Blame Coke or Blame Brownies But Bad Choices All Around
For years I blamed this episode on coke. After all, everyone was eating those brownies and was fine. I touted the mini-heart attack I thought I’d suffered as a cokehead’s badge of honor. But as I heard more horror stories of extreme edibles, I began to wonder if it wasn’t an effect of the pot after all. Yes, there was a lot more excitement happening in my bloodstream than in Maureen Dowd’s, but when she wrote, “I became convinced that I had died and no one was telling me,” I identified hard.

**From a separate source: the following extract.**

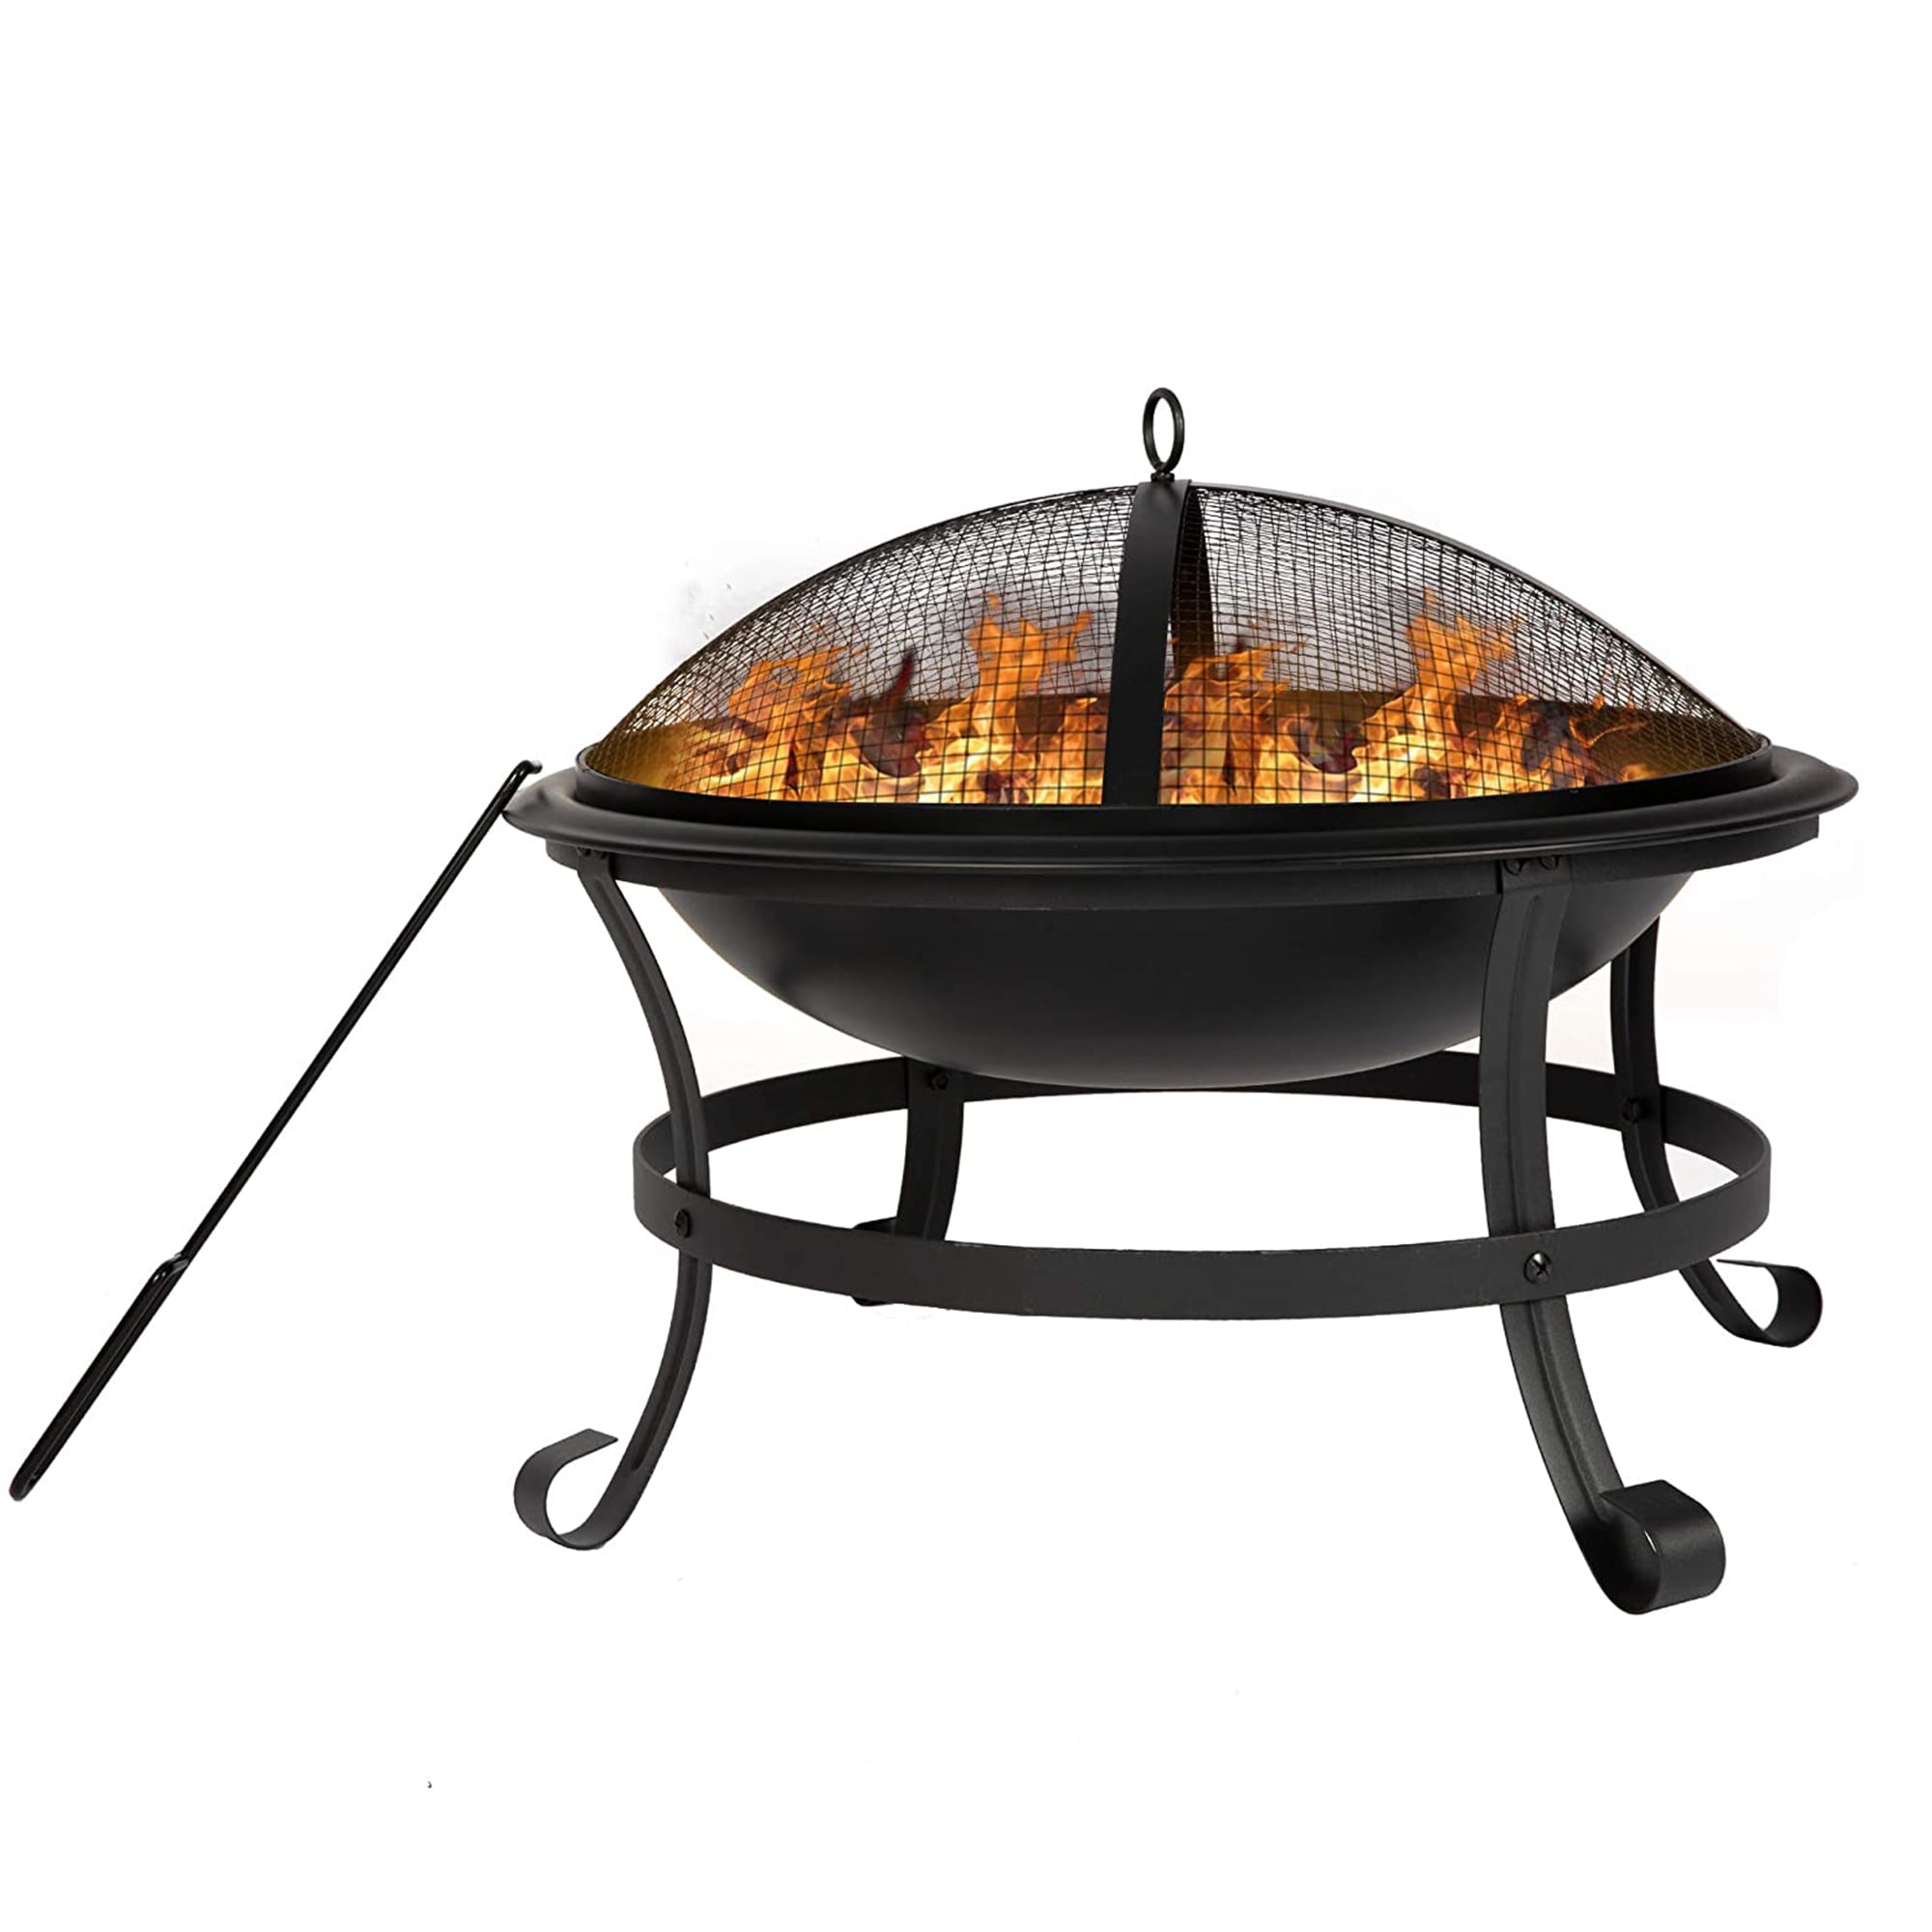 28" Portable Steel Fire Pit Mobile Spark Guard Screen Door Outdoor Fireplace

Testament to my addiction, my Halloween scare didn’t spook me sober any more than a near brush with a semi on the 405 would convince me to give up driving. And if pot, not coke, was the responsible substance, then I probably was never in real danger anyway. But when I remember the panic in that bathroom, my addled little heart goes out to the Maureen Dowds of the world. Was it stupid to ingest all the things I did? You bet. Did the cocaine play a role? Probably. Would a warning label have helped? I really doubt it. But I was cocky and cavalier. Maybe a cautious newbie would have heeded the “Don’t Mix” advice in his Edibles Education pamphlet. Or maybe he’d just interpret that as permission to have twice as many brownies, because they’re so damn good.
Weed’s Not an Innocent Bystander
There’s no need to demonize pot—after all, people die from alcohol every 10 seconds—but it’s not the harmless teddy bear of the drug world its biggest fans make it out to be. Whether beefed-up regulation and education makes a difference in Colorado remains to be seen. I know I’m not supposed to eat the whole bag of yogurt-covered pretzels either, but hell if I’m stopping at seven. Better to approach edibles like Willy Wonka’s prototypes: with a heaping spoonful of caution.